2. My mother taught me  RELIGION.

"You better pray that will come out of the carpet." 

3.. My mother taught me about TIME  TRAVEL.

"If you don't straighten up, I'm going to knock you into the middle of next week!"

4. My mother taught me LOGIC.

"Because I said so, that's why."

5. My mother taught me MORE  LOGIC.

"If  you fall out of that swing and break your neck, you're not going to the shop with me."

6. My mother taught me  FORESIGHT.

"Make sure you wear clean underwear in case you're in an accident."

7. My mother  taught me IRONY.

"Keep crying and I'll give you something to cry about."

8. My mother taught me  about the science of OSMOSIS.

"Shut your mouth and eat your supper."

9. My mother taught me  about CONTORTIONISM.

"Will you look at that dirt on the back of your neck!"

10. My mother  taught me about STAMINA.

"You'll sit there until all those peas are gone."

11. My mother  taught me about WEATHER.

"This room of yours looks as if a tornado went through it."

12. My  mother taught me about HYPOCRISY.

"If I told you once, I've told you a million times. Don't exaggerate!"

13. My mother taught me the CIRCLE OF LIFE. 

"I brought you into this world and I can take you out."

14.  My mother taught me about BEHAVIOR  MODIFICATION.

"Stop acting like your father!"

15.  My mother taught me about  ENVY.

"There are millions of less fortunate children in this world who don't have wonderful parents like you do."

16. My mother taught me about ANTICIPATION. 

"Just wait until we get home."

17.. My mother taught me about RECEIVING. 
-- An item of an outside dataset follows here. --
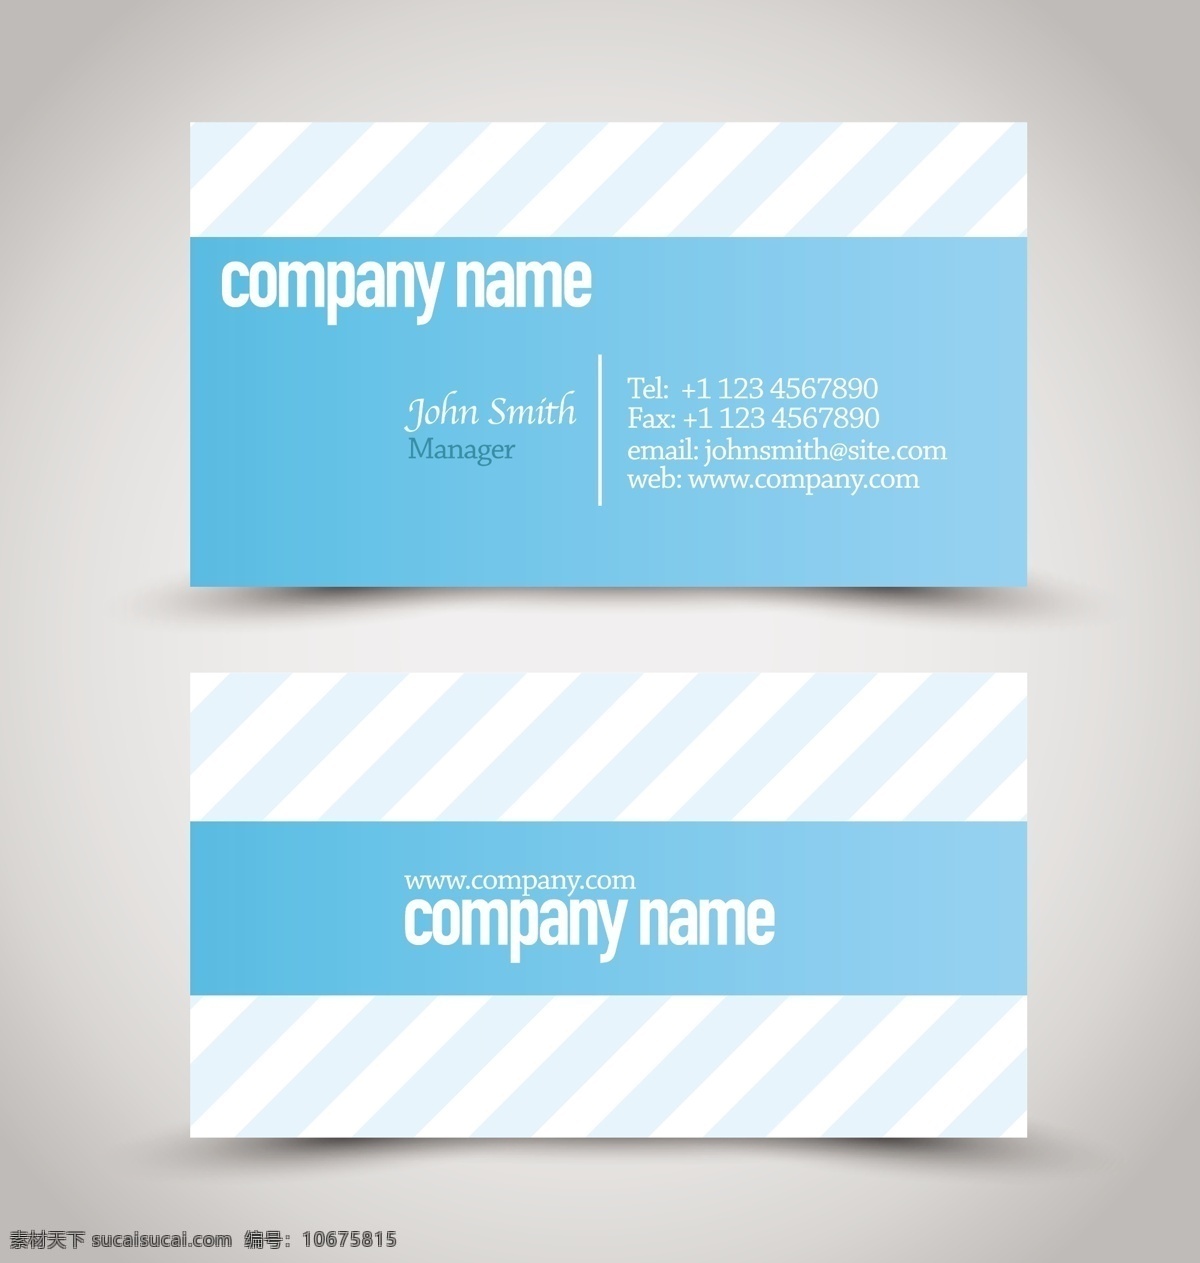 时尚 商务 名片 矢量 模板 卡片 矢量素材 设计素材 蓝色 条纹

"You are going to get it when you get home!"

18 My mother taught me MEDICAL SCIENCE. 

"If you don't stop crossing your eyes, they are going to freeze that way." 

19. My mother taught me  ESP.

"Put your sweater on; don't you think I know when you are cold?"
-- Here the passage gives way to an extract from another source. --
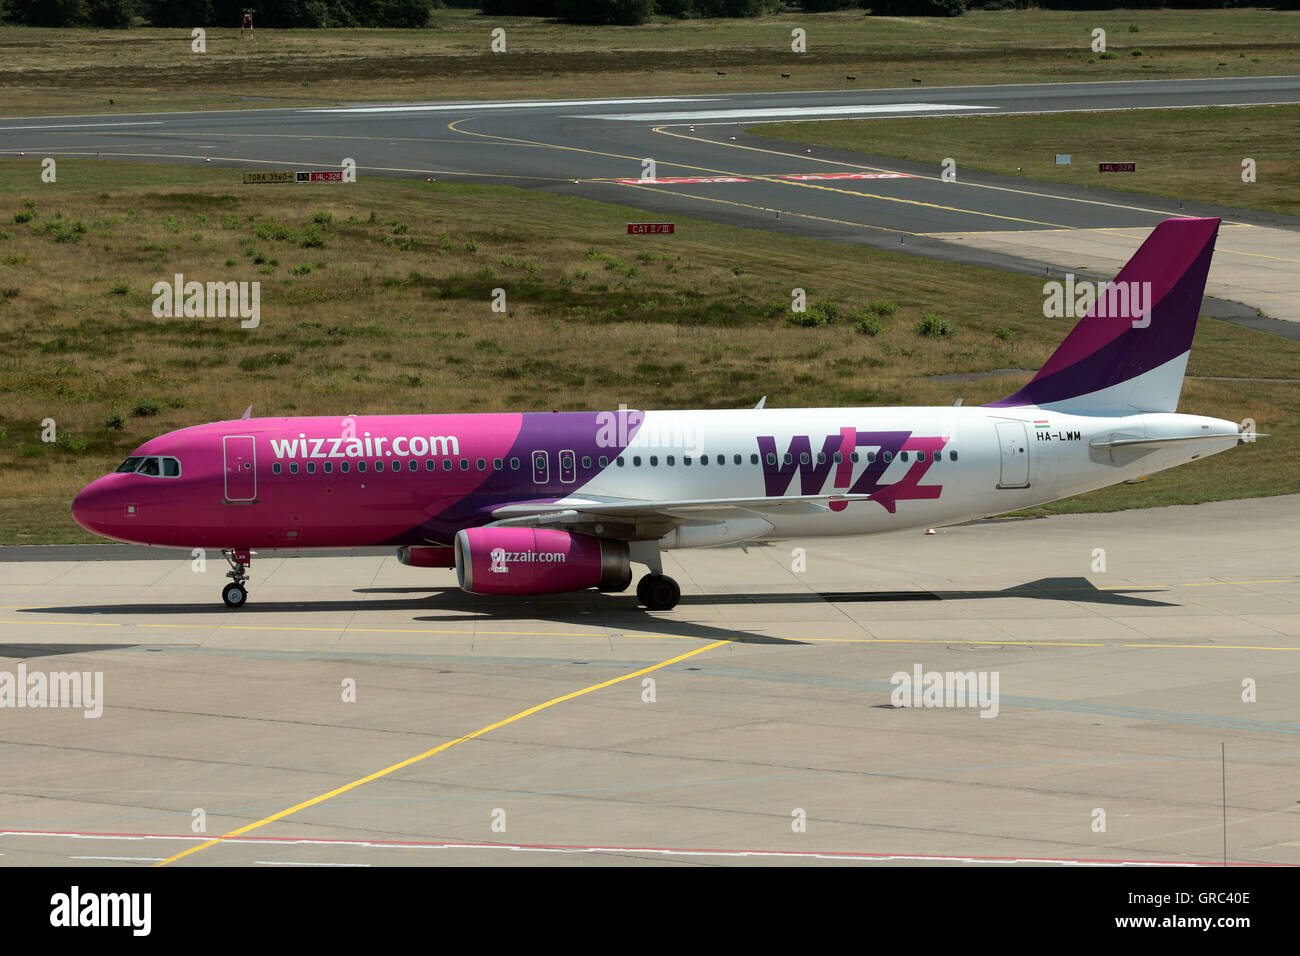 Airbus A320 Wizzair avec Ha-Lwm Inscription à la circulation au sol porte à l'aéroport de Cologne Banque D'Images

20. My mother taught me  HUMOR.

"When that lawn mower cuts off your toes, don't come running to me."

21. My mother  taught me HOW TO BECOME AN ADULT.

"If you don't eat your  vegetables, you'll never grow up."

22. My mother taught me GENETICS. 

"You're just like your father."

23. My mother taught me about my ROOTS. 

"Shut that door behind you. Do you think you were born in a barn?" 

24. My mother taught me  WISDOM.

"When you get to be my age, you'll understand" 

25. And my favorite: - My mother  taught me about JUSTICE.

"One day you'll have kids and I hope they turn out just like you"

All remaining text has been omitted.